このフラッシュをマニュアルで行いたい場合は、ファイルオブジェクトのメソッドのflush()
を使います。
以下はフラッシュを使ったサンプルです。
import time
with open('file.dat', 'wb') as fout:
for i in range(10):
fout.write(b'1')
fout.flush()
time.sleep(1)
上記のコードを実行すると、1秒ごとにfile.dat
にデータが書き込まれてフラッシュされます。
プログラムの実行中にfile.dat
の中身をcat
やtype
などで見ると、中身が刻々と変わっていくのがわかると思います。
このフラッシュの概念は標準ファイルオブジェクトにも存在します。
標準ファイルオブジェクトはsys.stdout
やsys.stderr
などです。
print()
は内部でsys.stdout
にデータを書きこんでいますので、print()
でバッファをフラッシュしたい場合はsys.stdout.flush()
などを実行するといいでしょう。
あるいはprint('Hello', flush=True)
でもフラッシュを実行できます。
io.BufferedWriter
の場合は、フラッシュのタイミングは以下になります。
- 保留している全てのデータに対してバッファが足りなくなったとき
- flush()が呼ばれたとき
- seek()がリクエストされたとき
- ファイルオブジェクトが閉じられたり破棄されたとき
io.BufferedWriter — Python 3.12.1 ドキュメント
エラーの処理
open()
でエラーを処理したい場合は例外をキャッチします。
open()
はOSError
を継承した例外を送出しますので、これでハンドリングできます。
たとえばファイルが存在しなかった場合はFileNotFoundError
が送出されます。
try:
with open('nothing.dat', 'r') as fin:
pass
except FileNotFoundError as e:
print(e)
# [Errno 2] No such file or directory: 'nothing.dat'
しかし、書き込みも追記もファイルを新規作成しますので、このエラーになることはない気がします。
よくあるのはパーミッションエラーでしょう。
try:
with open('permission.dat', 'w') as fin:
pass
except PermissionError as e:
print(e)
# [Errno 13] Permission denied: 'permission.dat'
パーミッションエラーはファイルに対する操作の権限がない時に発生します。
たとえばファイルの所有者が他のユーザーで、そのユーザーのファイルに対する書き込み権限を持っていない場合は、このようなエラーが出ます。

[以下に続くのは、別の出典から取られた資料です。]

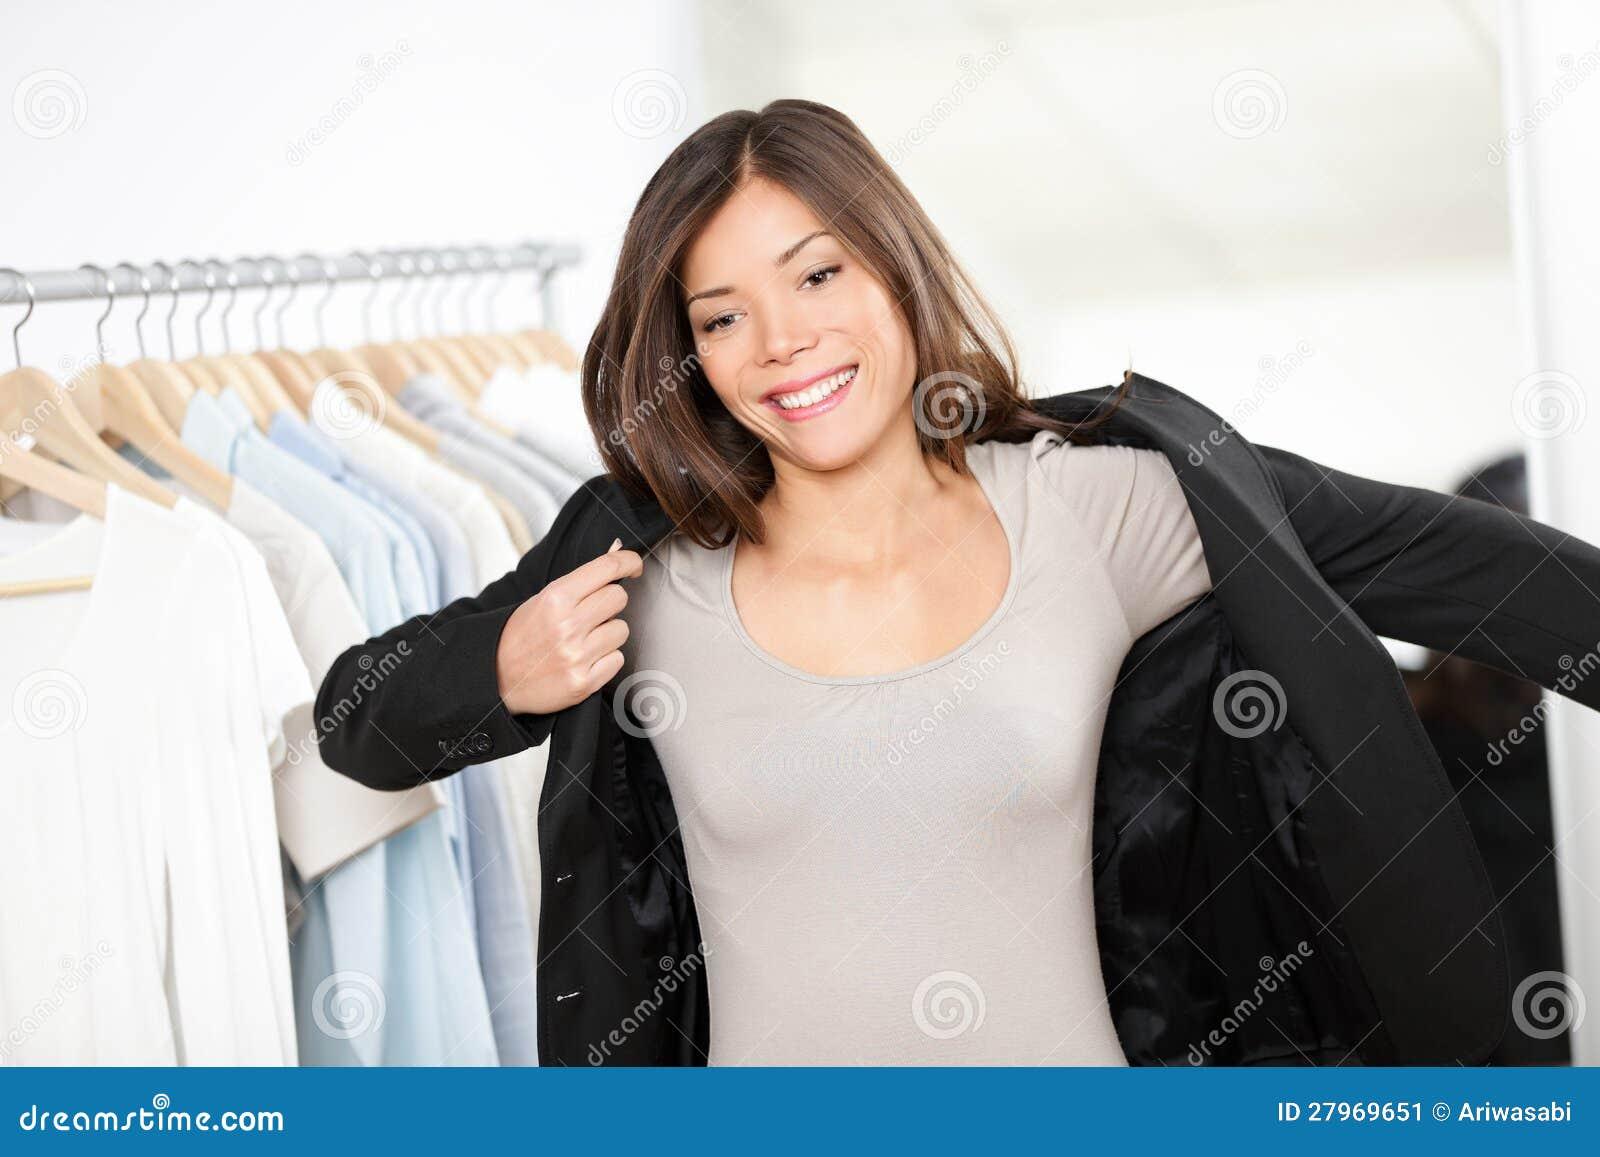 14a686e900bfa8 Las compras de la mujer para el traje de negocios visten en la tienda de  ropa que intenta en la chaqueta para la empresaria. Mujer de negocios  profesional ...

パーミッションエラーを人為的に発生させたい場合、Ubuntuなどではファイルの所有者をroot
にするとエラーを発生させられます。
もちろんスクリプトの実行はroot
以外で行う必要があります。
$ # permission.dat のファイルの所有者とグループを root に変更
$ sudo chown root:root permission.dat
大量データの書き込み
データ量が多い場合はバッファにデータを溜めてそれを一気に書き込むか、あるいは分割されているデータを随時書き込んでいくかになります。
ですがバイナリのファイルオブジェクトはデフォルトでバッファリングをしますので、わざわざバッファを作ってそれにデータを溜めなくても、勝手にバッファリングしてくれる理屈になります。
よってメモリを節約したい場合は随時書きこんで行った方がいいのかもしれません。
# 大量データの書き込み
with open('file.dat', 'wb') as fout:
for _ in range(100000):
fout.write(b'1')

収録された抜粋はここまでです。